## Information given
━━━━

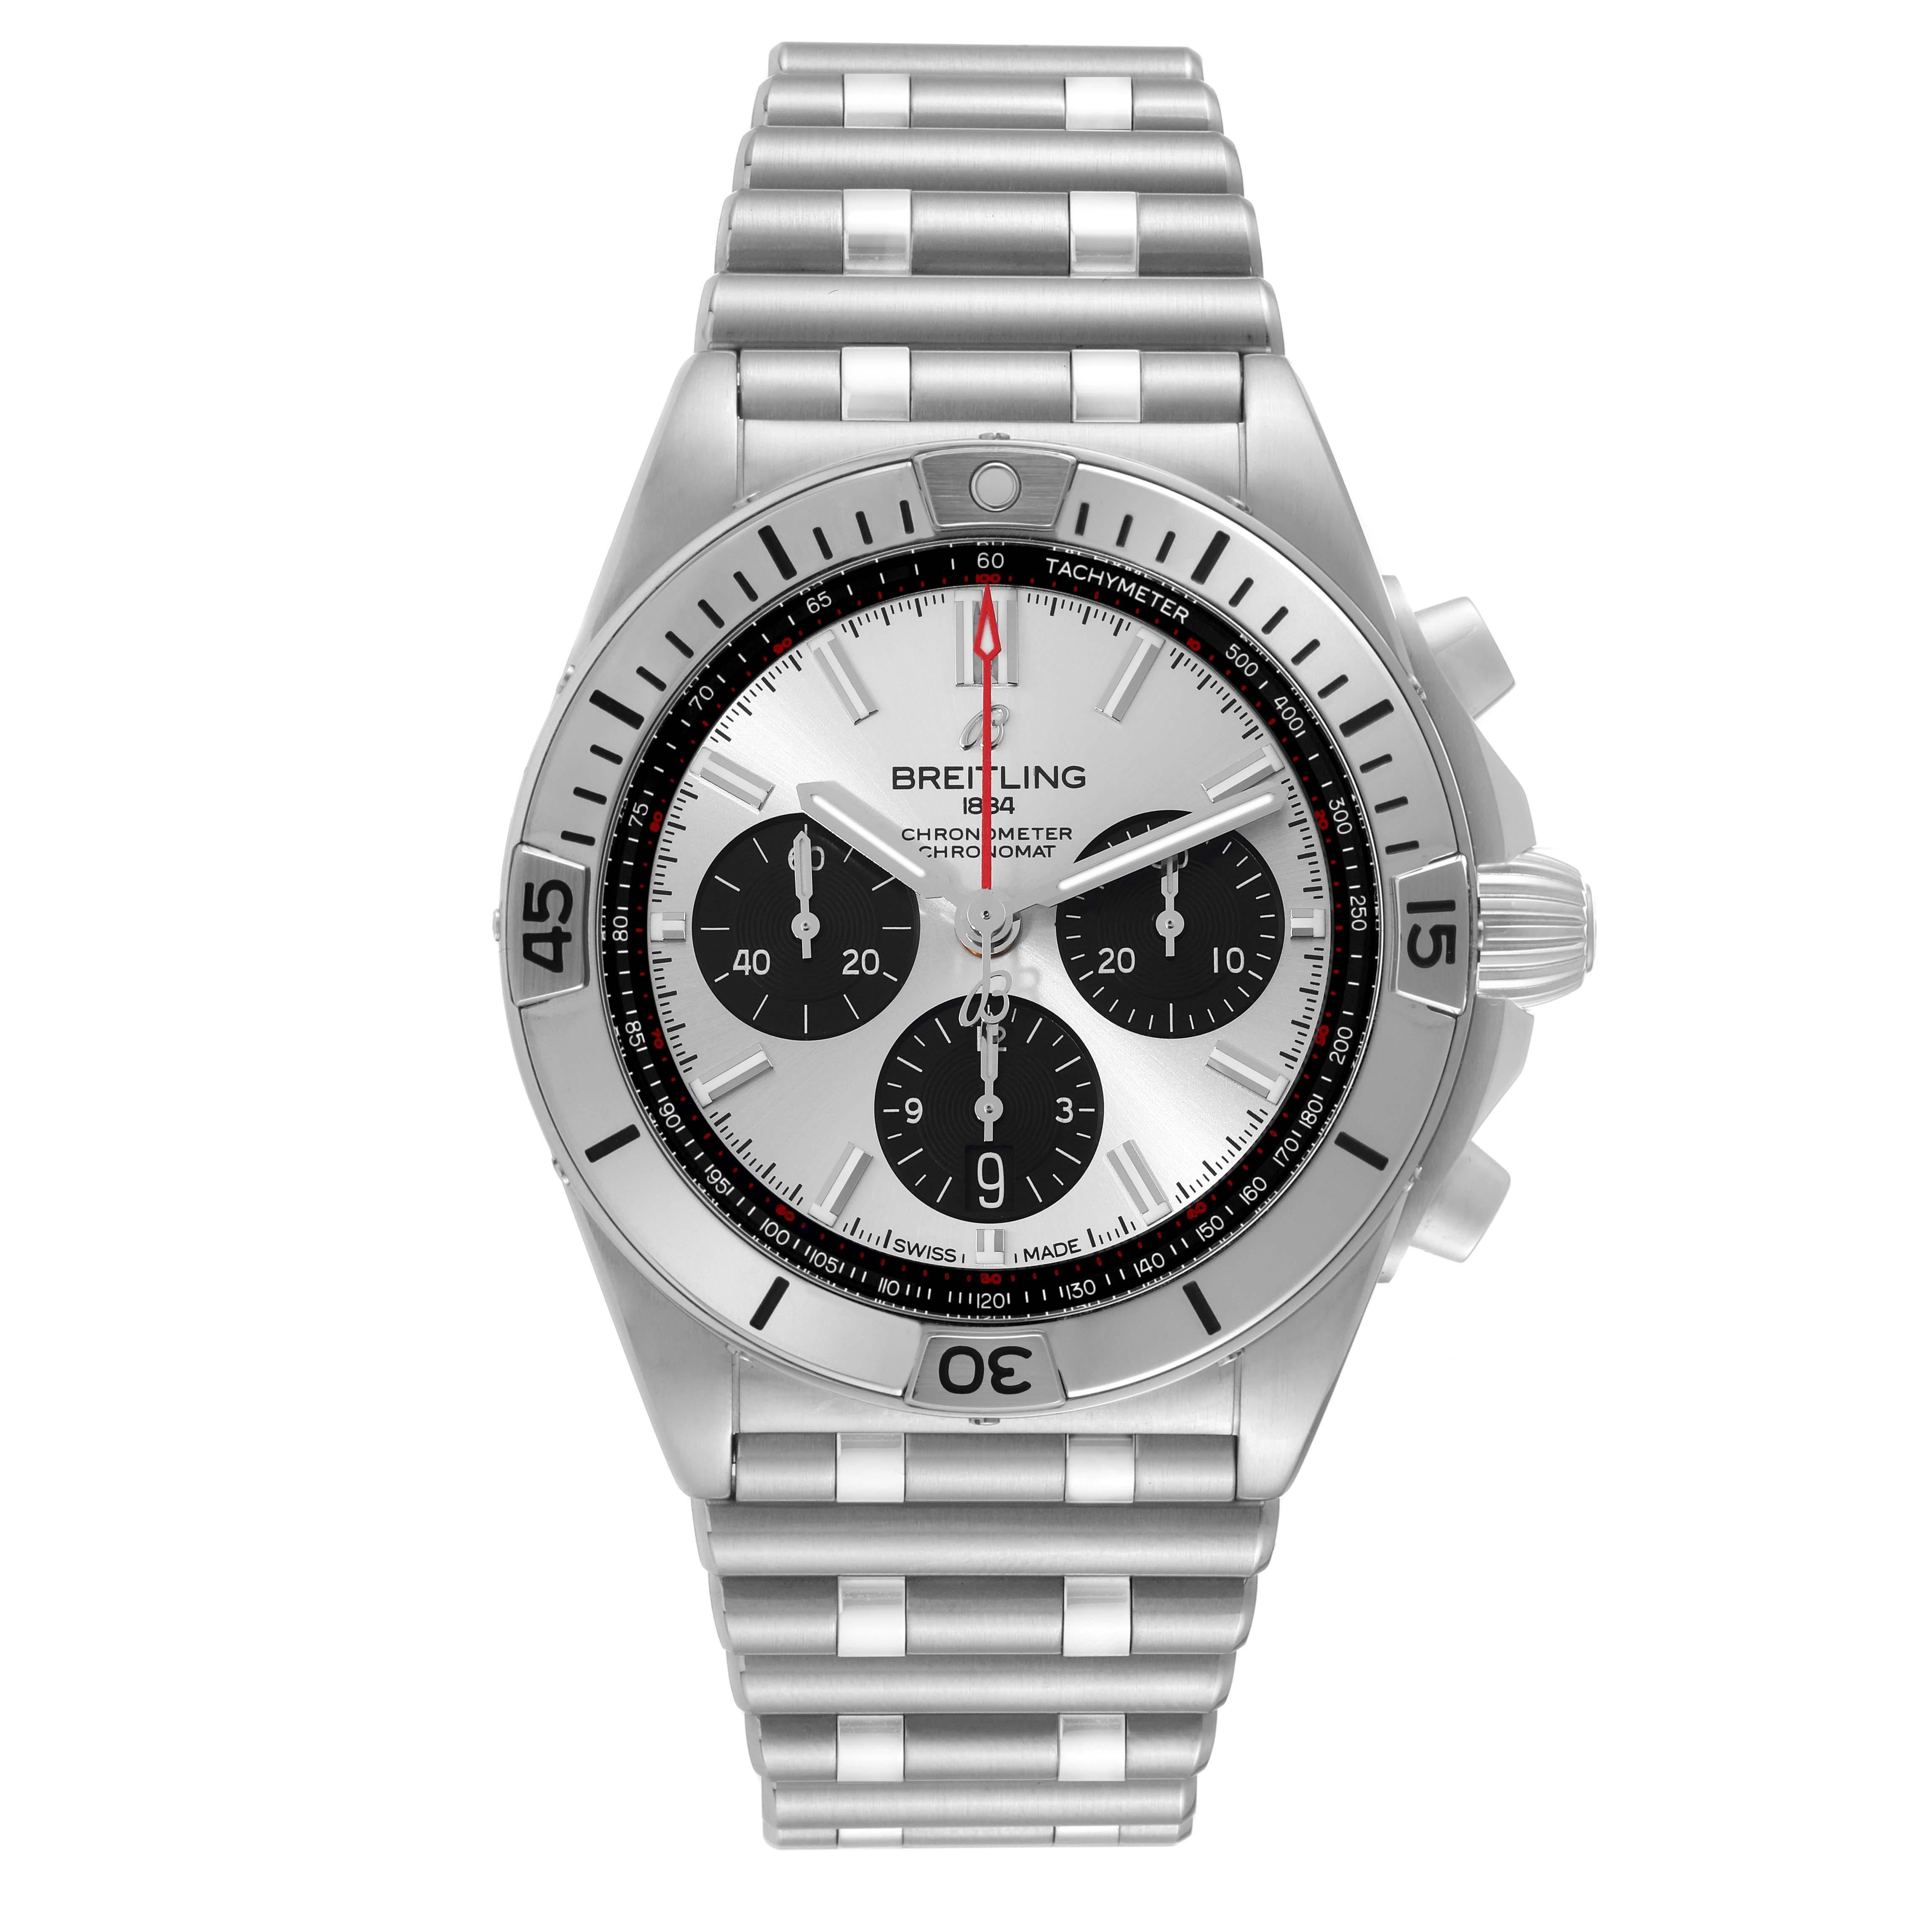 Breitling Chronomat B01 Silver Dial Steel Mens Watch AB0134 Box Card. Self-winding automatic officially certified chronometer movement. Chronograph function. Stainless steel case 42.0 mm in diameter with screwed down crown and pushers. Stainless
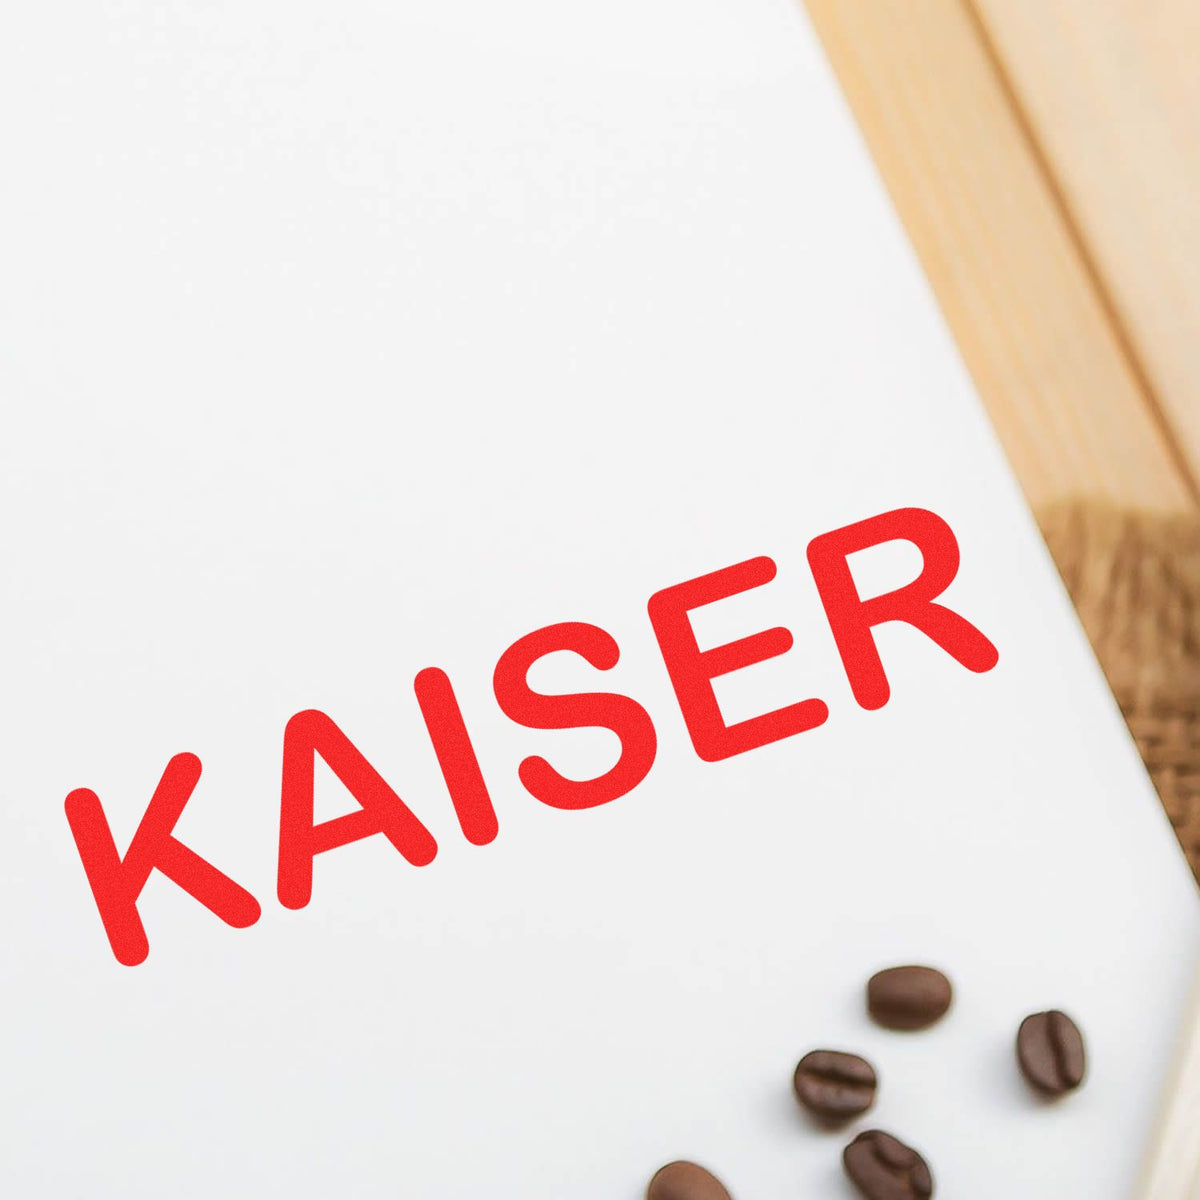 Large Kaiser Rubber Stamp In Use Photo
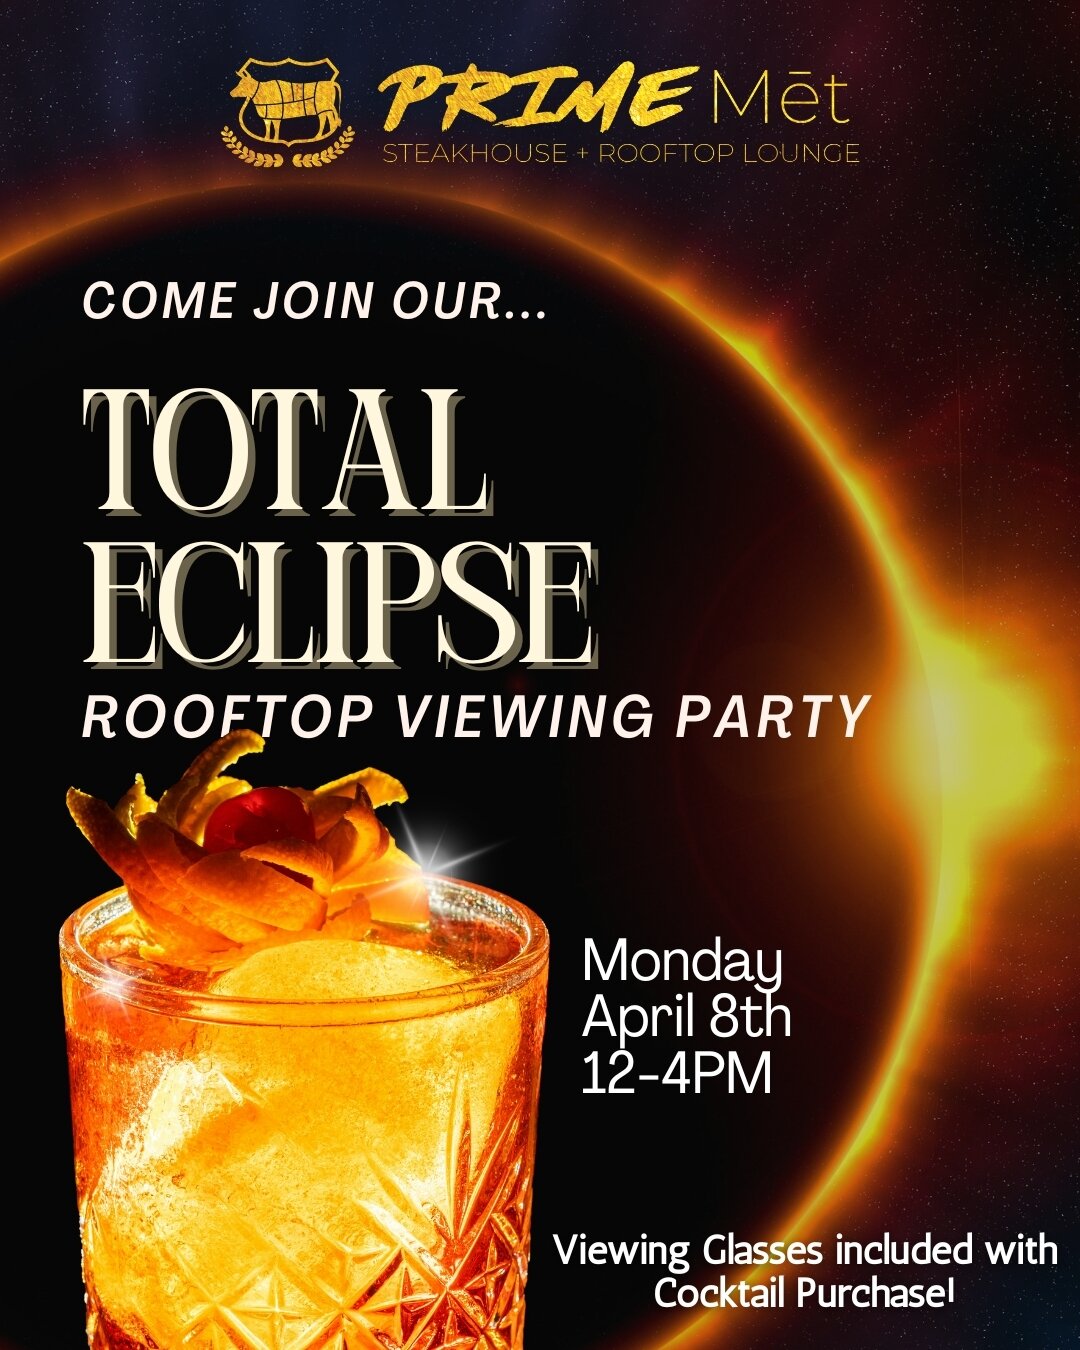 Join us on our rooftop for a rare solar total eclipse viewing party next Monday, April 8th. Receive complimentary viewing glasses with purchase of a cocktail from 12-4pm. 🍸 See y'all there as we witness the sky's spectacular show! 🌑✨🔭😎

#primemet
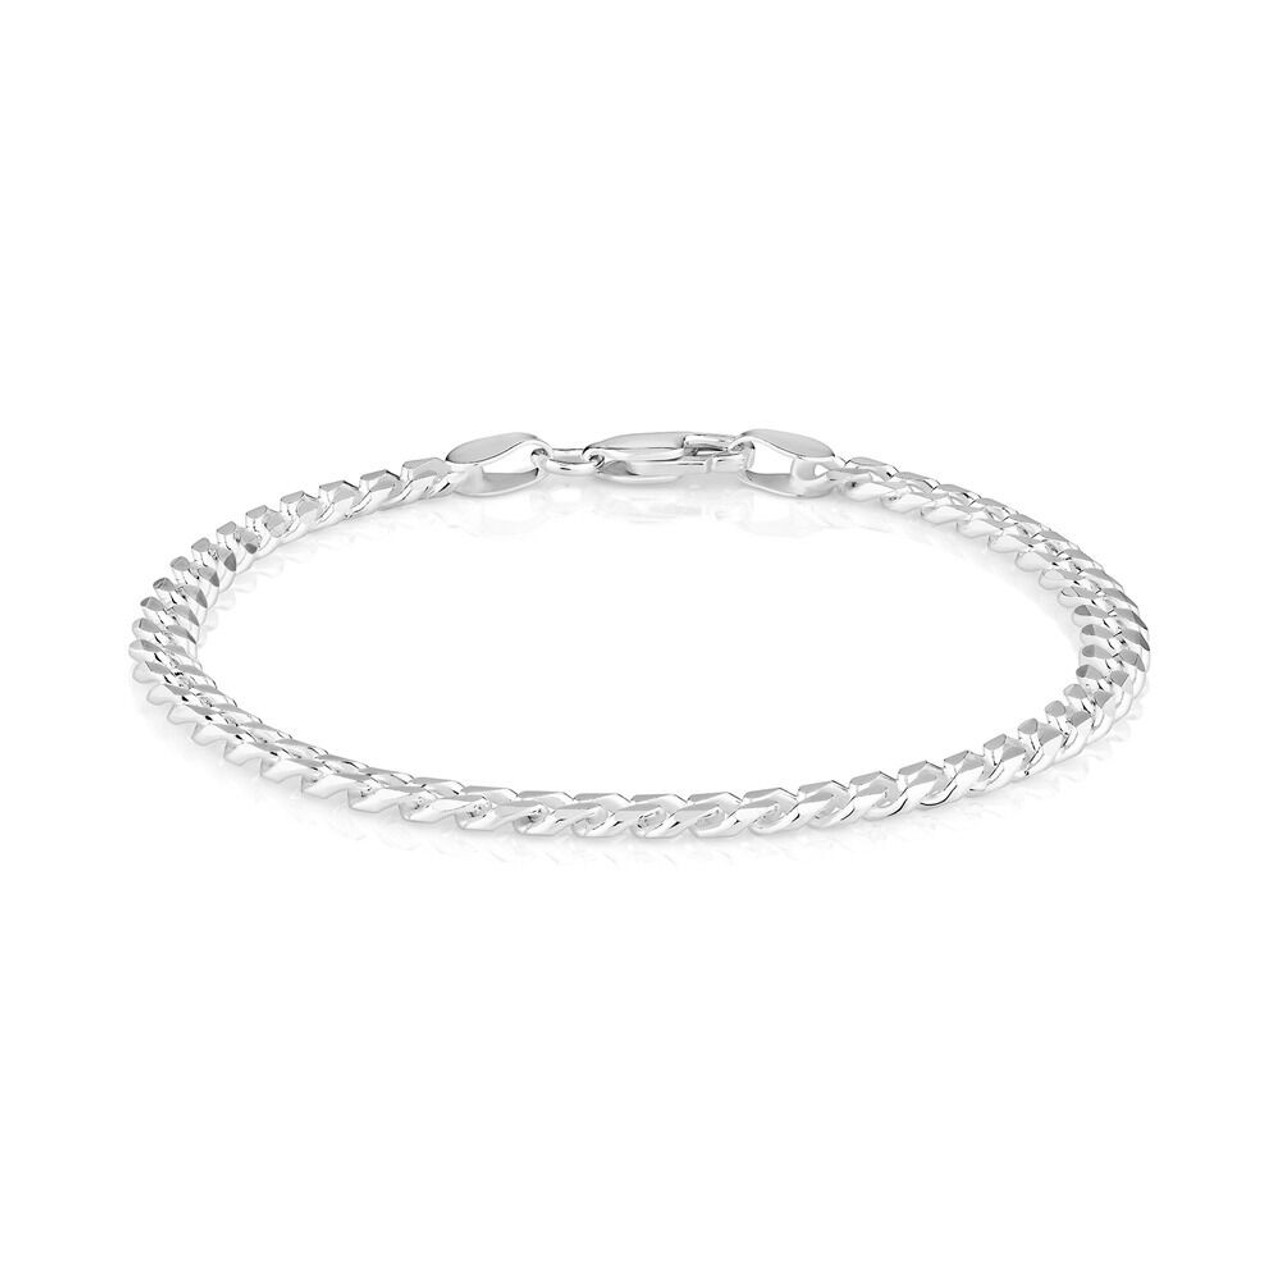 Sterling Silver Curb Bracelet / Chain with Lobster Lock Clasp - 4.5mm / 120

━━━━

## Your instructions
Nothing but the lines from the one containing "Join us on our" through the last line of the records above should appear, each repeated exactly, with no pictures.

## Task answer
 Join us on our rooftop for a rare solar total eclipse viewing party next Monday, April 8th. Receive complimentary viewing glasses with purchase of a cocktail from 12-4pm. 🍸 See y'all there as we witness the sky's spectacular show! 🌑✨🔭😎

#primemet
 Sterling Silver Curb Bracelet / Chain with Lobster Lock Clasp - 4.5mm / 120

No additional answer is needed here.